My daughter started high school two weeks ago. She’d had difficulty falling asleep the night before school started. She said she couldn’t quiet her mind. Deep down inside, I knew what she was thinking: Will I be accepted by my peers? Will I succeed in high school? We all had those worries as teenagers.
My daughter is my extroverted, free spirited child that thinks outside of the box. She always has been. She has a wide variety of friends that I can’t keep track of. Every other week she has a new college major in mind. She can teach our dog to do tricks when none of us have the patience. She figures out algebra and geometry equations in her head without showing her work, which is way over my head. At a young age she’d find complicated ways of moving tiles around the Rummy Cube game just to make one play. When she was 4 1/2 she figured out how to use two game pieces on the same square to block other players from getting around the Parcheesi game board. She’s open to trying new things and she accepts situations in life as they come.
I’ve mentioned before that my kids are band kids. My daughter has played trumpet since fifth grade. She named her trumpet Treena. Midway through her seventh grade year, she began taking lessons with one of the high school band directors. In the spring of her eighth grade year we learned that she had been place in Wind Ensemble as a freshman. Wind Ensemble is the highest level and gifted and talented band class. She was flattered and extremely thankful for the opportunity.

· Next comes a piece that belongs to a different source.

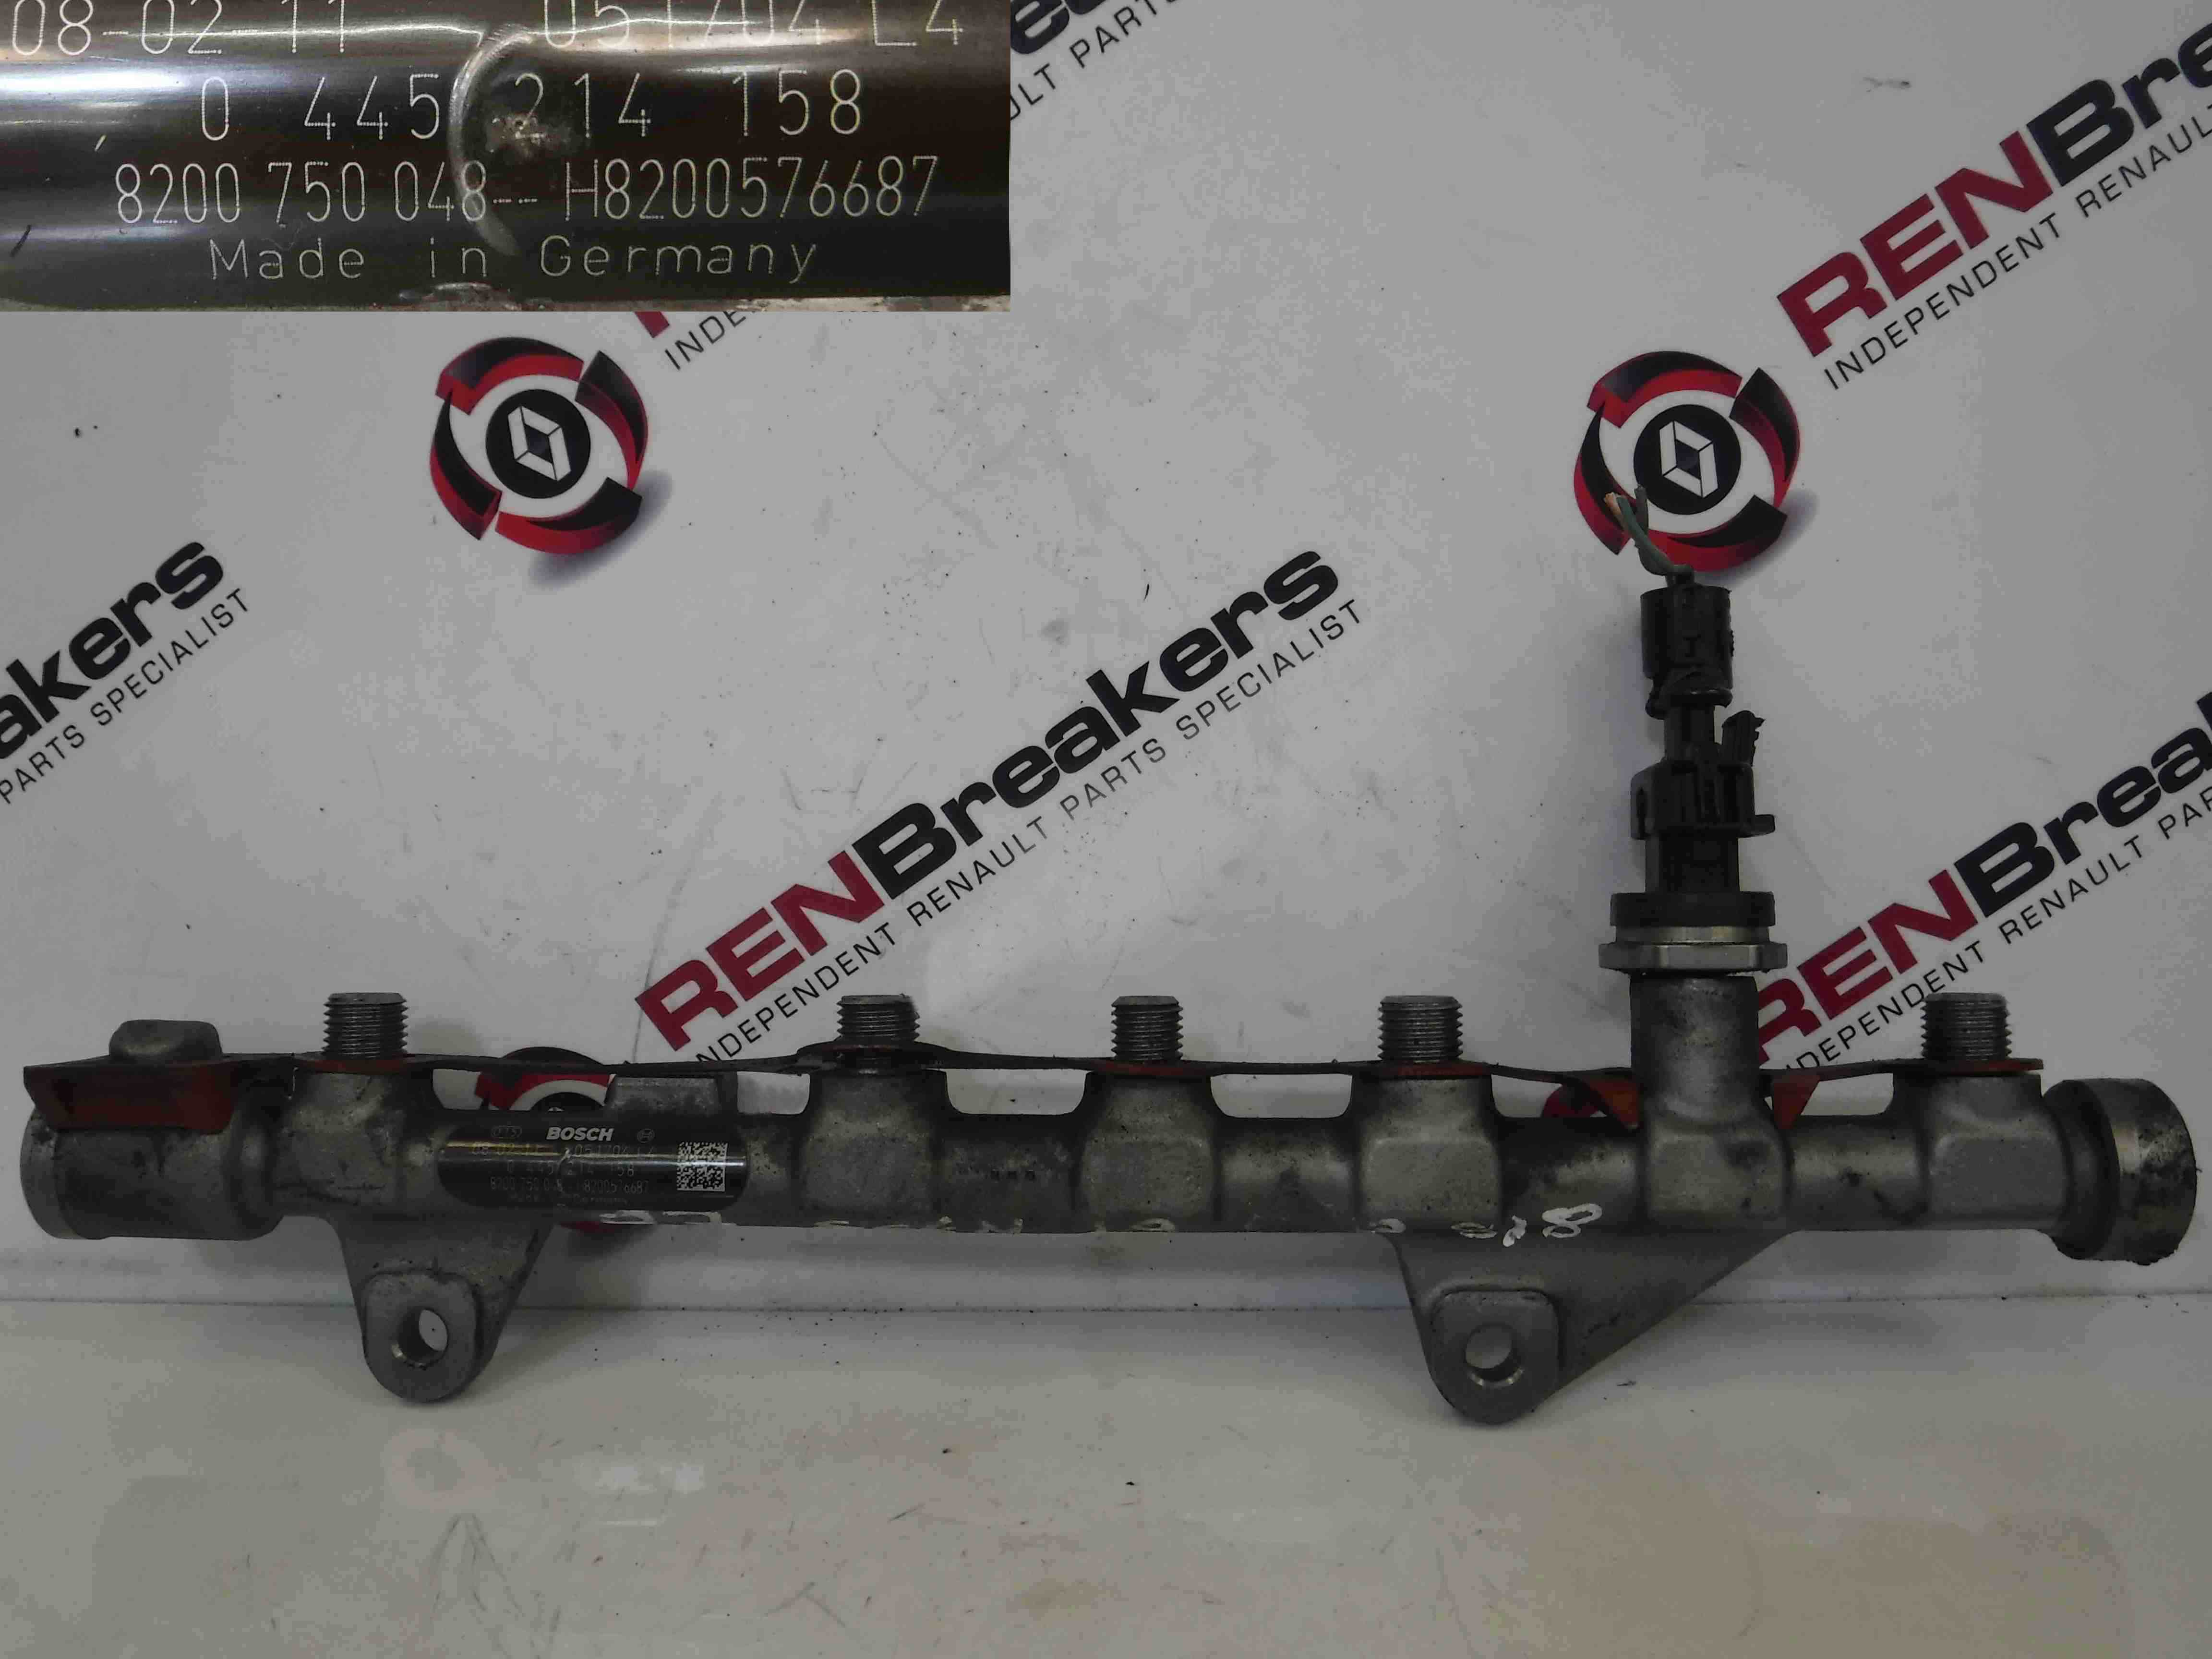 Renault Fuel Pressure Diagram : Renault scenic dci fuel injector rail
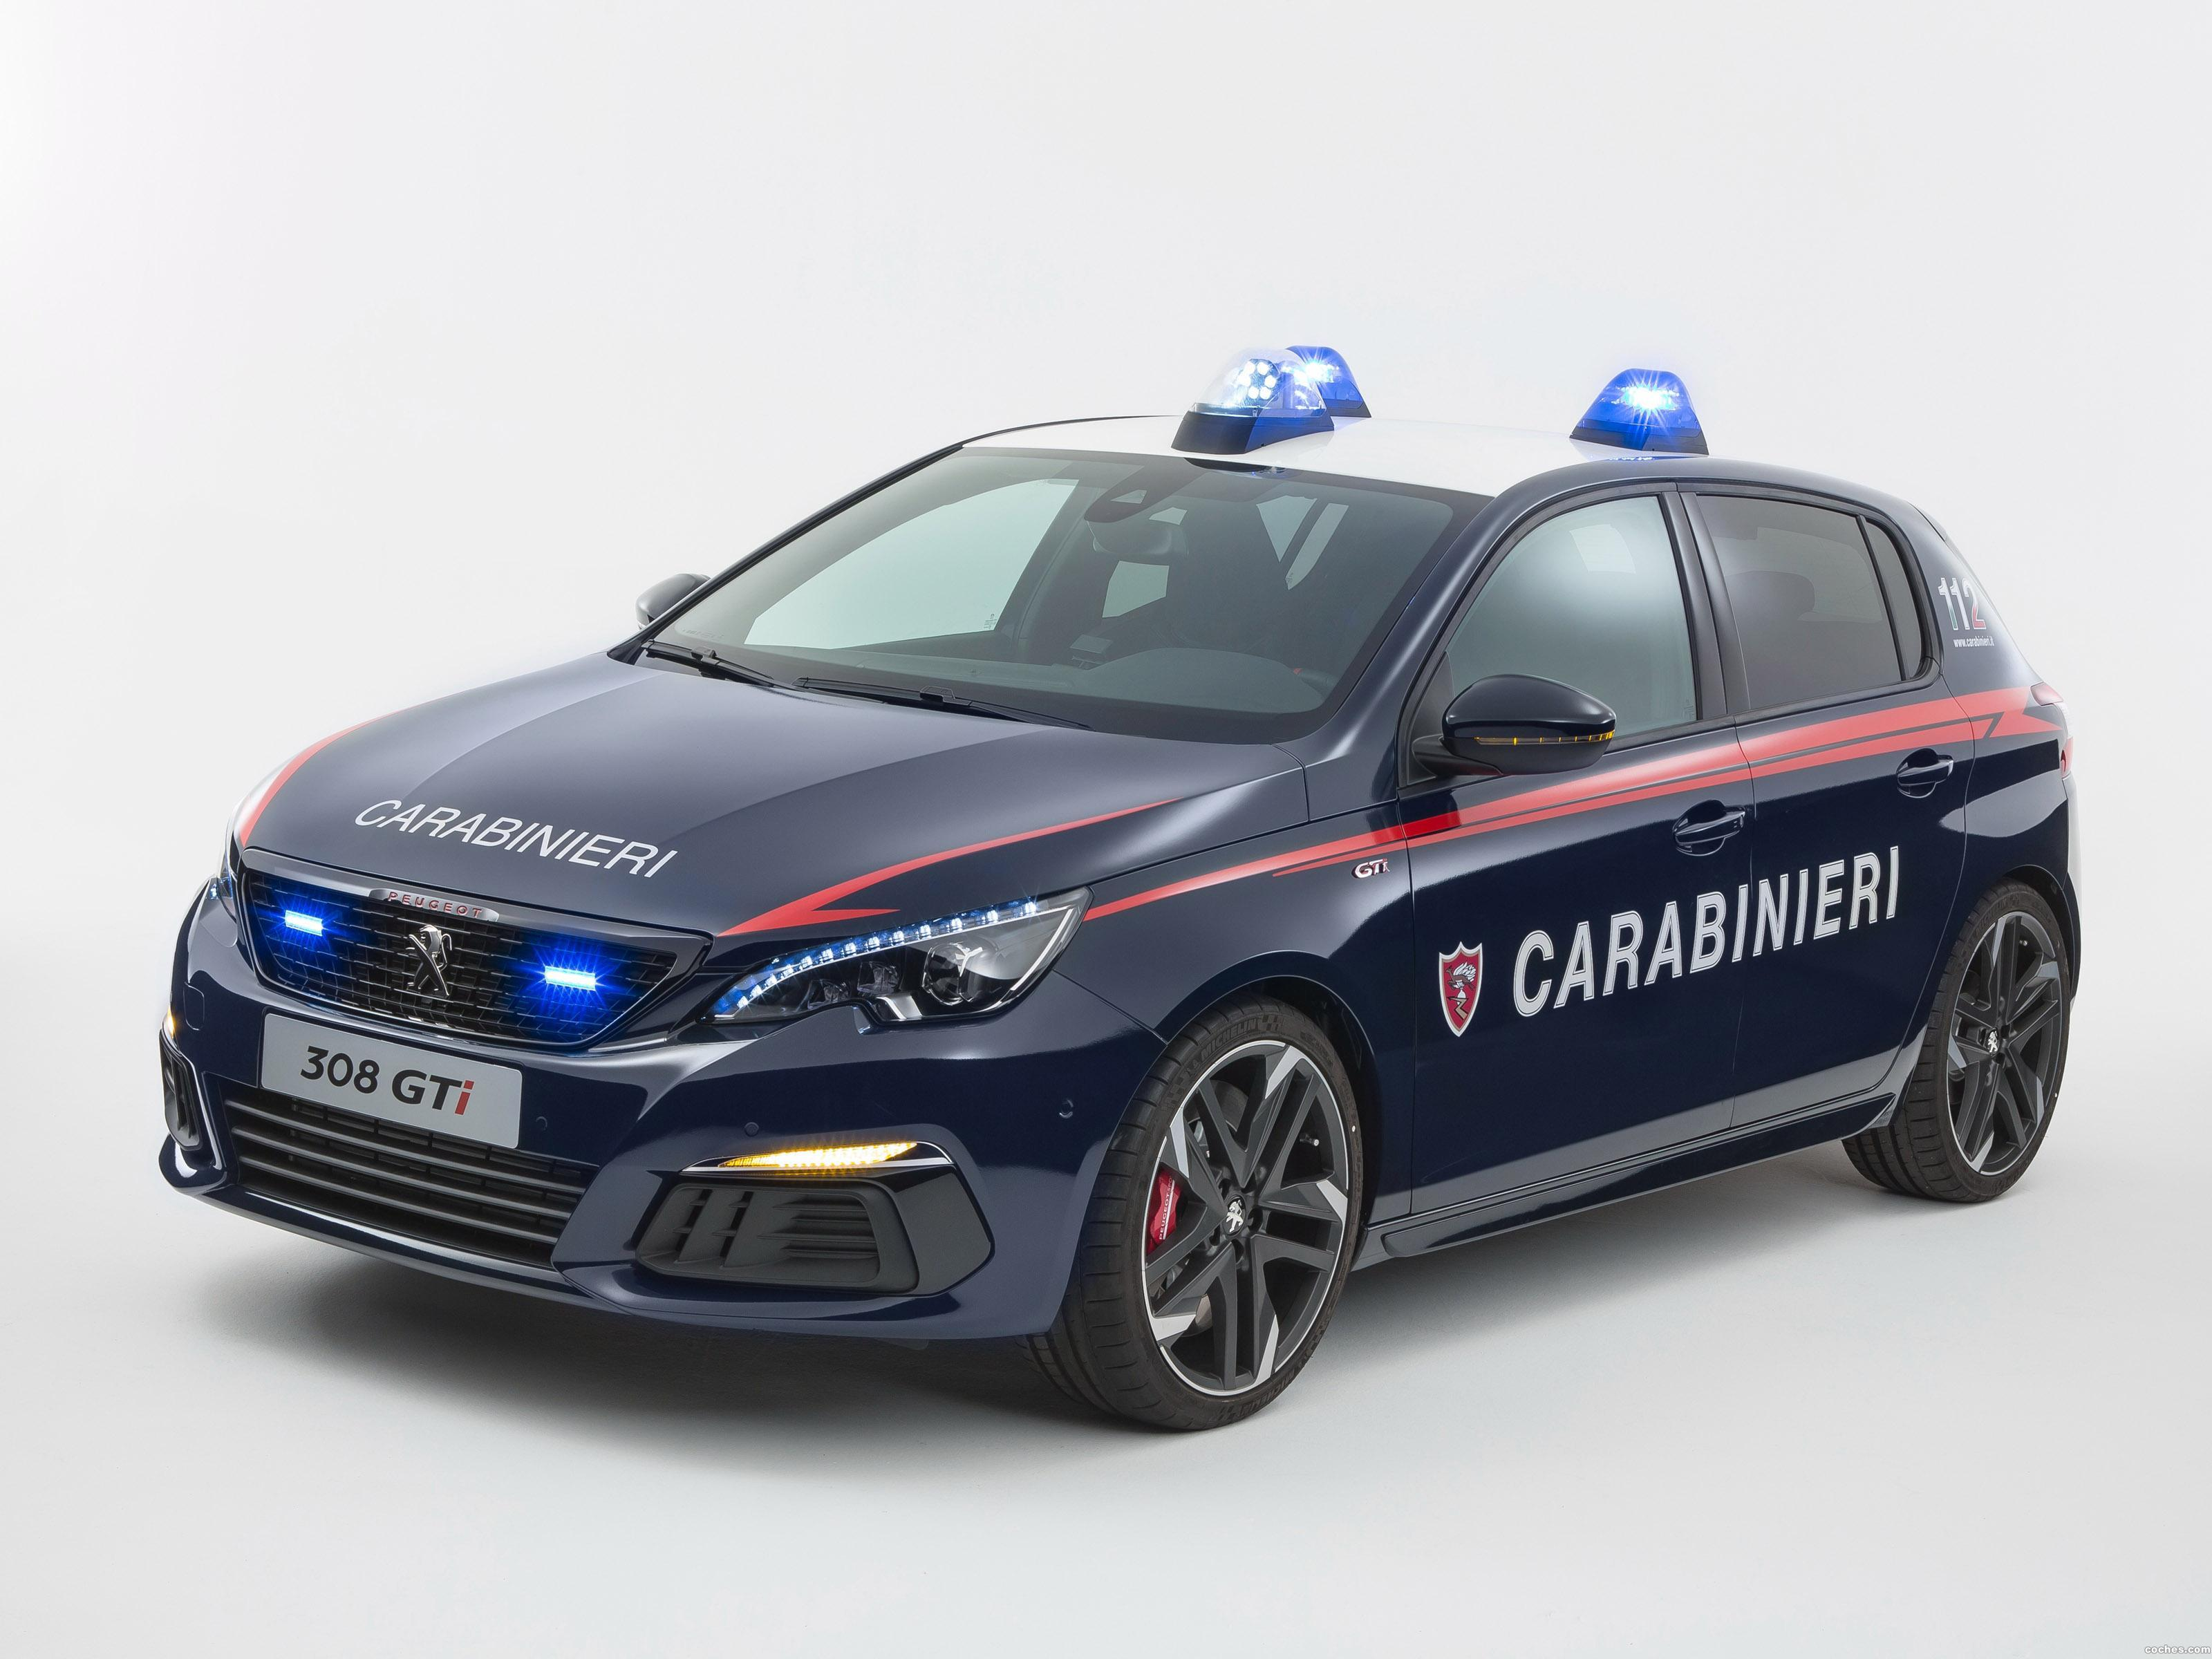 peugeot_308-gti-carabinieri-2017_r6.jpg

My son didn’t get into that class until he was a junior in high school. She’s always the first to admit when she thinks she messed up an audition or a piece of music. Last week, they had seat placement auditions in her class. There are five trumpets. She practiced. She had lessons. Naturally when she said the audition went well I anticipated her earning at least second trumpet music. She came home yesterday and said she’d been given third trumpet music and placed in the last seat. She also said the band director advised them that second and third trumpet music would alternate.
My jaw dropped and my mouth is perpetually hanging open. We don’t put pressure on our kids to achieve certain things but we do expect A’s and B’s. Also, I don’t claim that my daughter is a Miles Davis or Louis Armstrong but I know the girl can hold her own with her trumpet. Inside I’m wondering if the band director thinks my daughter stinks. It bugs me I guess because I did poorly in high school and I’m so proud of my kids because they’ve exceeded our expectations and will not go into college swimming against the current with their heads barely above water like I did.
Really though, third trumpet last seat? Instinctively I confided in one of my band parent friends who has a family music back ground and who’s sons who’d graduated in 2014 and 2015 and were also in that class. I also spoke to my son who graduated this year. Both said seat placement is a complicated matter and there’s reasons musicians are placed in certain seats and just because she’s in the last seat doesn’t mean she stinks. My friend also advised me that if it doesn’t bother her, it shouldn’t bother me. So I asked her if her seat placement bothered her. She said, “it’s just a chair”.
I admire her for that. She doesn’t sweat the small stuff. In her mind she was placed where she was placed and she accepts that. She doesn’t have to know the reason. She just wants to play her trumpet and learn challenging music. I know that her being in that class will not only enhance her trumpet playing skills, it will expand her ability to think outside of the box even more. So I’ll let it go. After all, it is just a chair.
I’m always surprised when something I think is a wrong to be righted, my son would think is no big deal. I always thought it was a male/female thing. I guess not!